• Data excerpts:
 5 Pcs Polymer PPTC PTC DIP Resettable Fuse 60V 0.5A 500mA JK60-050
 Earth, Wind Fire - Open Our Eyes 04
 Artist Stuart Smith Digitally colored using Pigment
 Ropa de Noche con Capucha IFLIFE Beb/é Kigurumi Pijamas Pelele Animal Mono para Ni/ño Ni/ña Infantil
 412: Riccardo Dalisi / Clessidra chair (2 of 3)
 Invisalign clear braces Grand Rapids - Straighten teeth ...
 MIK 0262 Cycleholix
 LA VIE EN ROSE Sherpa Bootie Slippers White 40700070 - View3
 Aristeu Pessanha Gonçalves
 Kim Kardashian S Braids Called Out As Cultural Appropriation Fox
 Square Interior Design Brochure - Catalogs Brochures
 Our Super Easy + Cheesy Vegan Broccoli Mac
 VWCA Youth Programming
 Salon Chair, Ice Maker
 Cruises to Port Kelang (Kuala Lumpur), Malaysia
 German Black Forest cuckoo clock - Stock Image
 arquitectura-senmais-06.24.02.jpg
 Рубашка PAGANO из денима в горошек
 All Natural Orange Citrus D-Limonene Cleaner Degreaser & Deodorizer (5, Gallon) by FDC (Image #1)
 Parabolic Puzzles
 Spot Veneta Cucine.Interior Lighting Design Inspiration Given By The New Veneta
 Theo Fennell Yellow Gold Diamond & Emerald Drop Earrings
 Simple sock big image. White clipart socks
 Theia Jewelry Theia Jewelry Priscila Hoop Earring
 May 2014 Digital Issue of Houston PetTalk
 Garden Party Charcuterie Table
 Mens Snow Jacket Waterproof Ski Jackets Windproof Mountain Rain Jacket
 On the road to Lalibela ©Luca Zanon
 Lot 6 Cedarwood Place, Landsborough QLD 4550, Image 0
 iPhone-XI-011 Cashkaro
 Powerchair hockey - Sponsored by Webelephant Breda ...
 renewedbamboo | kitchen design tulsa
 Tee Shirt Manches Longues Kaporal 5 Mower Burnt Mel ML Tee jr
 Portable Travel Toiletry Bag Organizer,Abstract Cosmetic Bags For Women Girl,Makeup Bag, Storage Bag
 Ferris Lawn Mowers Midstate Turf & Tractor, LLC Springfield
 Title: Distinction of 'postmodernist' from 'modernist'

• TASK DIRECTIONS: Write out only what runs from the line holding "Lot 6 Cedarwood" through the last line of the records, exactly as shown.

• WRITTEN REPLY:
 Lot 6 Cedarwood Place, Landsborough QLD 4550, Image 0
 iPhone-XI-011 Cashkaro
 Powerchair hockey - Sponsored by Webelephant Breda ...
 renewedbamboo | kitchen design tulsa
 Tee Shirt Manches Longues Kaporal 5 Mower Burnt Mel ML Tee jr
 Portable Travel Toiletry Bag Organizer,Abstract Cosmetic Bags For Women Girl,Makeup Bag, Storage Bag
 Ferris Lawn Mowers Midstate Turf & Tractor, LLC Springfield
 Title: Distinction of 'postmodernist' from 'modernist'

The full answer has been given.